Personal information
- Born: January 18, 1948 Louisville, Kentucky, U.S.
- Died: July 4, 2024 (aged 76) Atco, New Jersey, U.S.
- Listed height: 6 ft 2 in (1.88 m)
- Listed weight: 210 lb (95 kg)

Career information
- College: Louisville
- NFL draft: 1970: 3rd round, 59th overall pick

Career history
- Philadelphia Eagles (1970–1973); Charlotte Hornets (1974);

Career NFL statistics
- Games played: 32
- Starts: 19
- Rushing yards: 697 (2.6 average)
- Rushing TDs: 5
- Receiving yards: 589 (7.6 average)
- Receiving TDs: 3
- Stats at Pro Football Reference

= Lee Bouggess =

American football player (1948–2024)

Lee Edward Bouggess (January 18, 1948 – July 4, 2024) was an American professional football player who was a running back for three seasons in the National Football League (NFL) for the Philadelphia Eagles from 1970 to 1973. He was selected by the Eagles in the third round of the 1970 NFL draft. He played college football for the Louisville Cardinals.

==College career==
At Louisville, Bouggess started his career as a defensive end. He performed well enough at that position to be named to the All Missouri Valley Conference team in 1967 and 1968. Before his Senior year, Bouggess was converted to Running Back. In 1969, Bouggess excelled, compiling 6 games of 100 yards or more rushing on his way to a MVC leading 1,064 rushing yards.

==Professional career==
===Philadelphia Eagles===
Bouggess was drafted by the Philadelphia Eagles in the third round of the 1970 NFL draft. As a rookie in 1970, Bouggess had one of the worst seasons ever with a yards-per-carry average of 2.52, the lowest in NFL history. However, he currently ranks sixth for all Eagles rookies with 50 receptions, only behind Keith Jackson (81), DeSean Jackson (62), Don Looney (58), Jeremy Maclin (56) and Charle Young (55). Bouggess would miss the entire 1972 season due to knee injuries.

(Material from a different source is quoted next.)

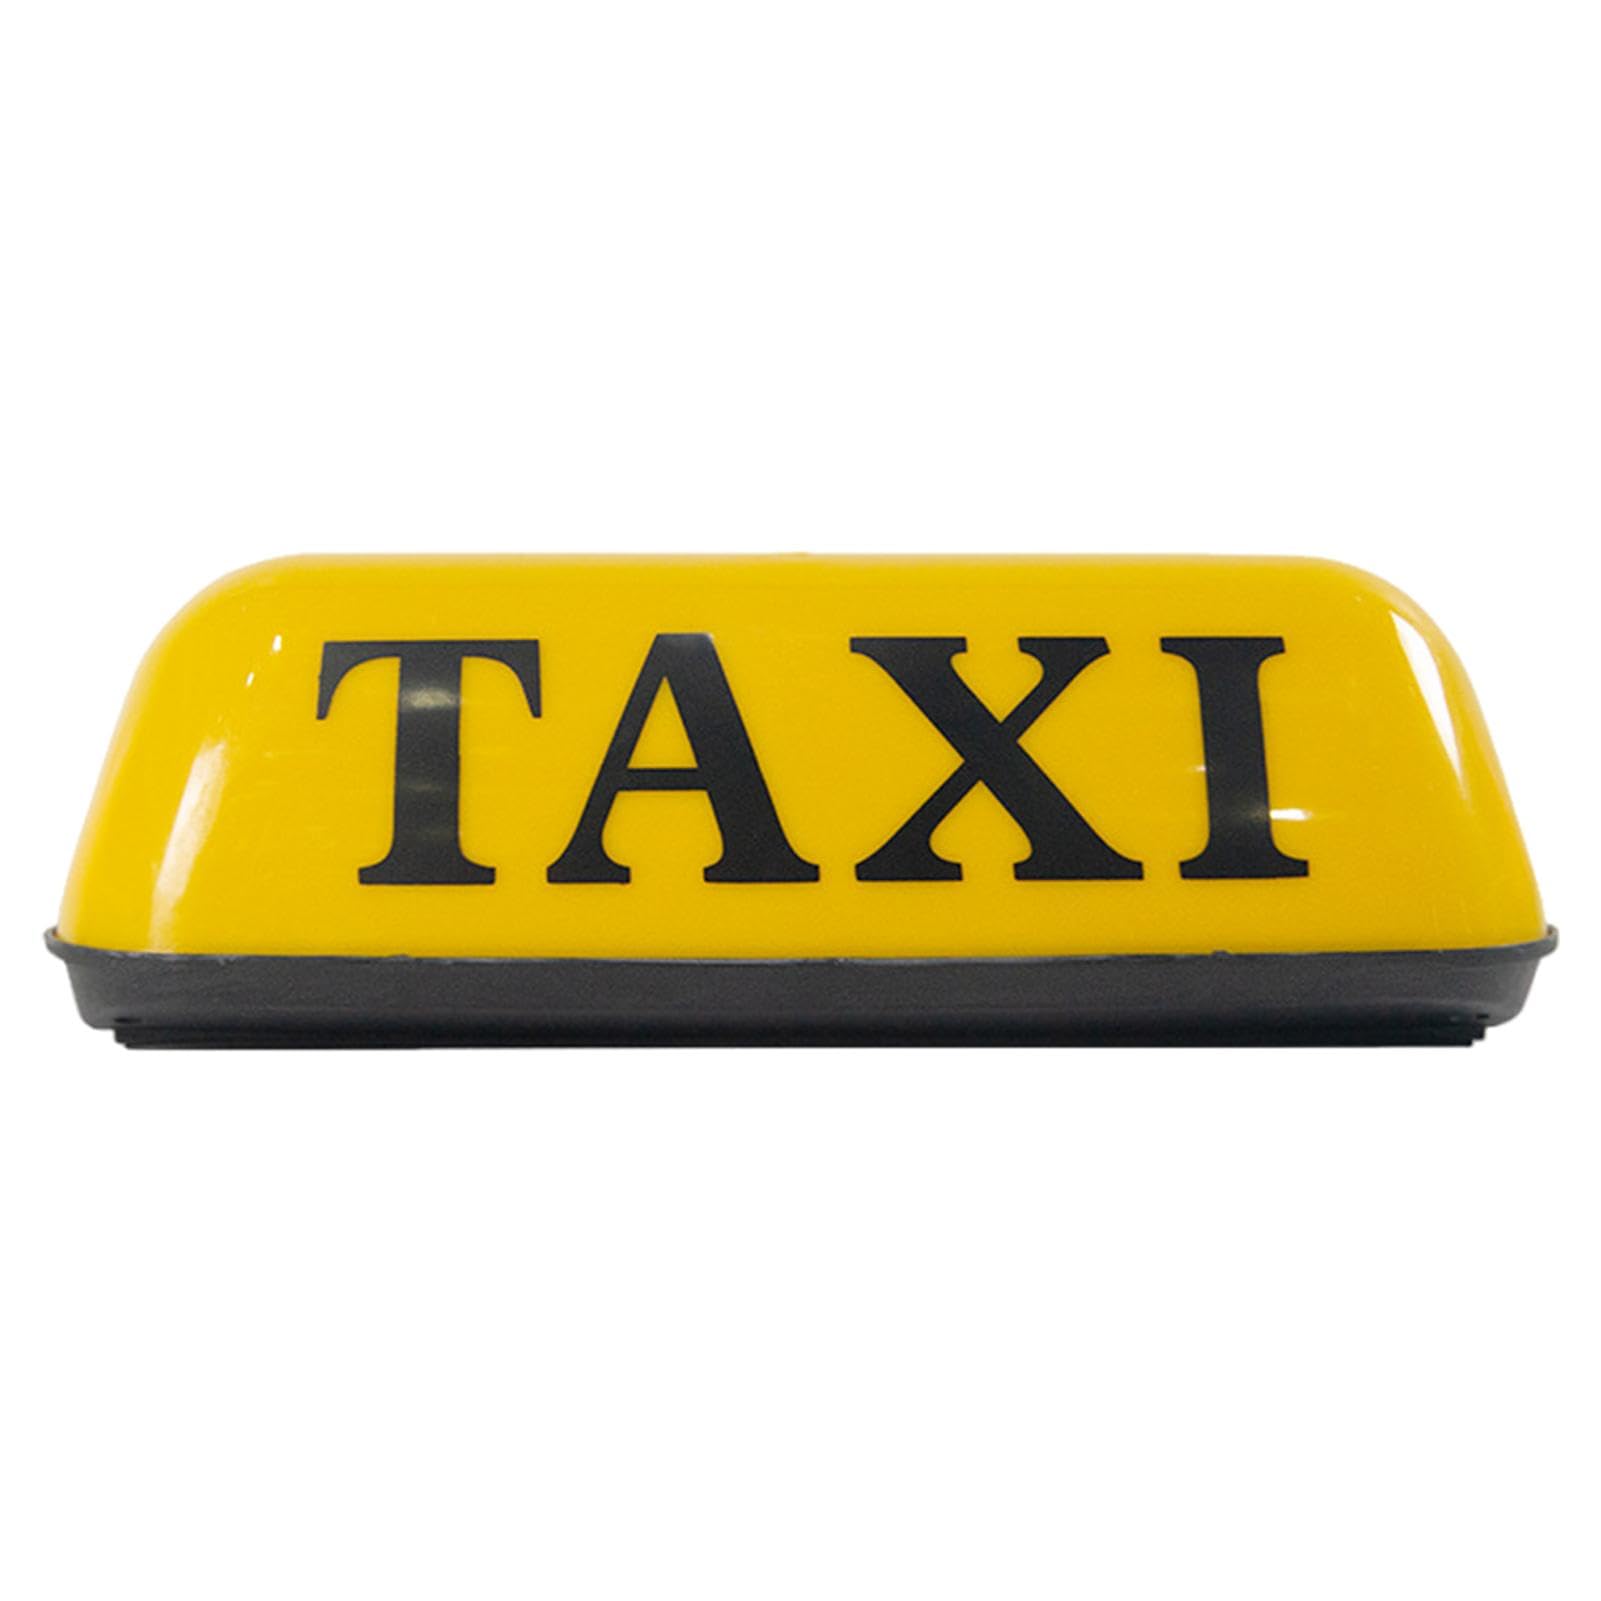 Ysvnlmjy Taxi-Licht für Auto, Taxi-Leuchtschild, Taxi-Leucht-Dachlampe, Retro-Taxi-Dachschild, Taxi-Dachleuchte, Taxi-Schilder-Licht für 12 V Auto von Ysvnlmjy

In his three-year career, Bouggess played in 32 games, but never started in any. He rushed for 697 yards on 271 carries and two touchdowns with an average of 2.6 yards-per-carry. He also caught 78 passes for 589 yards and three touchdowns.

==Death==
Bouggess died at a care facility in Atco, New Jersey on July 4, 2024, at the age of 76.